The same goes for the cost to borrow (the fee a brokerage charges to borrow shares for shorting). GameStop’s cost to borrow peaked at around 50%; DeRoche said his team will close positions on stocks that go above 1%.
“If a name is going to be subject to the things we saw with GameStop, in terms of being illiquid and easily manipulated, those aren’t areas we’re looking to play with,” DeRoche said.
Similarly, the investment team at Calgary-based SmartBe Wealth Inc. avoids “outliers and high-beta stocks” in its quantitative momentum ETFs, said Prithy Serrao, the firm’s director of investment strategy and research.
SmartBe uses a “frog in the pan” approach to identify quality momentum stocks. The momentum funds eliminate the top 10% of high-beta stocks because knowing what’s driving their performance is difficult. “We want the steady, continual path to momentum rather than that one-off spike in return,” Serrao said.
A new product takes a different approach. Earlier this month, New York–based investment manager VanEck launched the VanEck Vectors Social Sentiment ETF (NYSE Arca: BUZZ), which tracks an index of U.S. stocks getting attention on social media, online discussion forums and in news articles.
While the VanEck ETF looks to buy the buzz, the GameStop saga has DeRoche and his team monitoring news as a defensive tactic. AGFiQ began using machine learning to help portfolio managers avoid risk from names they might have bought previously.

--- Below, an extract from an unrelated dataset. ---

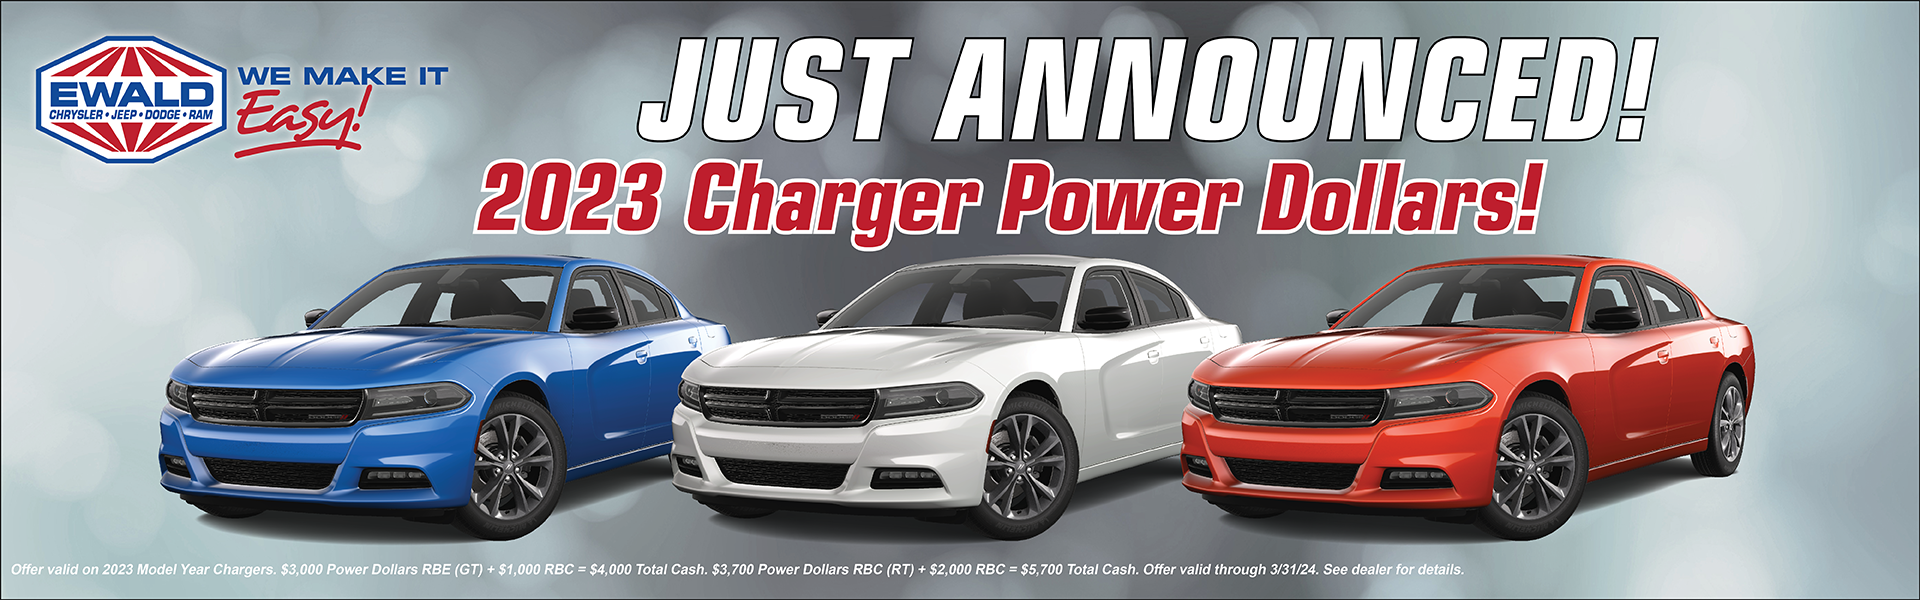 Dodge Charger Power Dollars

Gopaul said rapid shifts in investor sentiment and investing styles during the pandemic favour ETFs, which can be launched quickly and respond to new trends (à la BUZZ or the recent flurry of Canadian crypto products). “That’s why there’ve been more launches in the ETF space in more precise exposures,” he said.
A report published in mid-February by Richardson Wealth Ltd. cautioned that thematic ETFs may be contributing to mispricing. Thematic ETFs accounted for 25% of all U.S. equity ETF flows so far this year, despite comprising only a fraction of the overall US$4.6-trillion market.
“When you factor in this secular change to the market participant mix, combined with the sizable inflows into thematic ETFs — which are comprised of many companies that are not very liquid or widely held — it’s likely that there is lots of mispricing going on,” the Richardson report stated.
DeRoche said the early months of 2021 could prove to be the “high-water mark” for retail participation as people return to spending their marginal dollars on entertainment and other things they’ve been denied during lockdowns.
Art Johnson, portfolio manager and co-founder with SmartBe, likened the current retail frenzy to 1999, when online trading platforms were new and everyone was making money. More than a few of Johnson’s friends have been sharing their adventures in options trading this year, he said.
“For years, that kind of mania — self-directed, ‘I can do it myself’ — had left the market after the tech crash and then the 2008 crash,” Johnson said. “And now it’s come back in full force. It shows a new generation is coming back in and [testing] the old lessons.”
Johnson is not convinced the retail investors will last as trading becomes less fun when they begin losing money. In the meantime, financial advisors are in a difficult position.
“As an advisor, you’re kind of damned all the way around,” Johnson said. “If you tell [clients] not to do it and the stock goes up, you’re the biggest jerk in the world. It’s just a very difficult time.”